Line 82 causes Dionaea to return a successful MySQL status to the MySQL client/attacker.
The block of code between lines 89 – 107 simply handles the SELECT VERSION() command. I implemented this after some trial-and-error experimentation. I kept checking to see how Dionaea‘s response differed from that of a real MySQL server, and worked on it until Dionaea‘s response was good enough to convince the attacks to continue.
Lines 108 – 139 get interesting. This block of code implements a command that the attack was running. These lines look for the SELECT XPDL3() command.which the attack was using to call an exported function in the DLL file that it had just sent in a hex encoded string (which we decoded and saved above).
This block of code looks for the string ‘http: or ‘https:, extracts the URL from between the quotes, and creates a Dionaea download offer incident. A download offer incident causes Dionaea to download the file from the given URL before passing it to the incident handlers.
So there you have it. These Dionaea changes allow you to use Dionaea to capture the different files downloaded using the cna12.dll file that the attacks use. You can then extract connection and download information about MySQL attacks that contain a hex encoded PE file by issuing the following query against Dionaea‘s logsql.sqlite database.
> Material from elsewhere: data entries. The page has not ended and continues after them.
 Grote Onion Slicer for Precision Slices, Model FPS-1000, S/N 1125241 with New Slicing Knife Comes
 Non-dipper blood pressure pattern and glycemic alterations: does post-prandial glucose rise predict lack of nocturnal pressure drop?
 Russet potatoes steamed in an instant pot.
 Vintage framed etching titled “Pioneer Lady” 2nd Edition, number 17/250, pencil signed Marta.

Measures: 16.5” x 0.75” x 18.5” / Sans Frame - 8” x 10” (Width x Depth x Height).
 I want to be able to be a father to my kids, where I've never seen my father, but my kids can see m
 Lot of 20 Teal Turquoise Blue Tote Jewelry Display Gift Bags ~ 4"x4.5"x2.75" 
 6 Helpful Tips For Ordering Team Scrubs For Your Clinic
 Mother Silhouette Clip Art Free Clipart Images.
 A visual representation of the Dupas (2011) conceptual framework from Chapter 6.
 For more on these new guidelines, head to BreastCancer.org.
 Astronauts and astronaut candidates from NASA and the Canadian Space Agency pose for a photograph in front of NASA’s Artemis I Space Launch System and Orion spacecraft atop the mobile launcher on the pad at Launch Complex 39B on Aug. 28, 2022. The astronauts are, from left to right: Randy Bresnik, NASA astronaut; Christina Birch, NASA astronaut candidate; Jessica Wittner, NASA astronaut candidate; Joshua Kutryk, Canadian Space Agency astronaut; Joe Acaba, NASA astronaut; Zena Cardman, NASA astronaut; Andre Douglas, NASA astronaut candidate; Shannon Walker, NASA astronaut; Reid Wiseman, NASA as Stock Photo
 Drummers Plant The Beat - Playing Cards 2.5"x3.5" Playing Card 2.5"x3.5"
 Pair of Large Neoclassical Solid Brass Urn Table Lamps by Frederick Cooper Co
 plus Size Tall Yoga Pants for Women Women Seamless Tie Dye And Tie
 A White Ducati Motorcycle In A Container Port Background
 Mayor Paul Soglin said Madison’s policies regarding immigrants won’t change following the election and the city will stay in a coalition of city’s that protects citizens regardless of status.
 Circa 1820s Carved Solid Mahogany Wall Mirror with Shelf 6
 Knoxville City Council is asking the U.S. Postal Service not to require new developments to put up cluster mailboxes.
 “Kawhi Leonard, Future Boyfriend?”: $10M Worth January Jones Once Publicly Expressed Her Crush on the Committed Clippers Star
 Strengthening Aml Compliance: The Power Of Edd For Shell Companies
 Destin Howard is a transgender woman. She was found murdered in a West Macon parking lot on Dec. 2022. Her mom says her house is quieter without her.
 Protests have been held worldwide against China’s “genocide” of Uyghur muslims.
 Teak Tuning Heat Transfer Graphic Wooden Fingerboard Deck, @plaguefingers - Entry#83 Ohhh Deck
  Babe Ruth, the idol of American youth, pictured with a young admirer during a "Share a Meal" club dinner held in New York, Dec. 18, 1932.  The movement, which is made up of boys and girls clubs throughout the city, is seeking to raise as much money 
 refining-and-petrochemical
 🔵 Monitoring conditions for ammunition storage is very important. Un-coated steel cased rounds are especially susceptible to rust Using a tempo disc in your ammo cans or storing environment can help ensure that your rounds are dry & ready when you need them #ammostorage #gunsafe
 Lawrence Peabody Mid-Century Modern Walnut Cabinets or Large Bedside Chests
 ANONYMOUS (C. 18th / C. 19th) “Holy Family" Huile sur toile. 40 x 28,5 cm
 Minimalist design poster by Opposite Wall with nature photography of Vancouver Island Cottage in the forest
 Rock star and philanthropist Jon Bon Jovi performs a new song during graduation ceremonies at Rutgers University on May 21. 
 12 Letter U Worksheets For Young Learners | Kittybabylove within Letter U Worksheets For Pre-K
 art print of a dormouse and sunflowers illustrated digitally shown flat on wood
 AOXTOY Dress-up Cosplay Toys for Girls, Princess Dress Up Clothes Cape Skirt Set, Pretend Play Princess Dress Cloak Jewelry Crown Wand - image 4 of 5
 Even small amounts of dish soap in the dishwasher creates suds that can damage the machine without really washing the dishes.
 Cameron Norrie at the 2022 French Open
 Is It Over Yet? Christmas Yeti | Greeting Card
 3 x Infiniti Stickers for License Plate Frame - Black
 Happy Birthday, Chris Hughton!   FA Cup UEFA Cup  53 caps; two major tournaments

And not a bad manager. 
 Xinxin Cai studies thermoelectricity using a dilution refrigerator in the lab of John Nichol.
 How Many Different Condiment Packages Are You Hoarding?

select connections.*,downloads.download_url,downloads.download_md5_hash from downloads, (select connection from downloads where download_url like 'hex://%') as c join connections on connections.connection = downloads.connection and connections.local_port = 3306 where downloads.connection = c.connection;
That query will return connection and download information about any MySQL connection which contained at least one download URL starting with hex:// which, given that the only Dionaea code which uses such URLs is the code that my Dionaea patch added, will match any MySQL connections issuing a MySQL command containing the string 0x4d5a — that is, a hex encoded Windows PE file.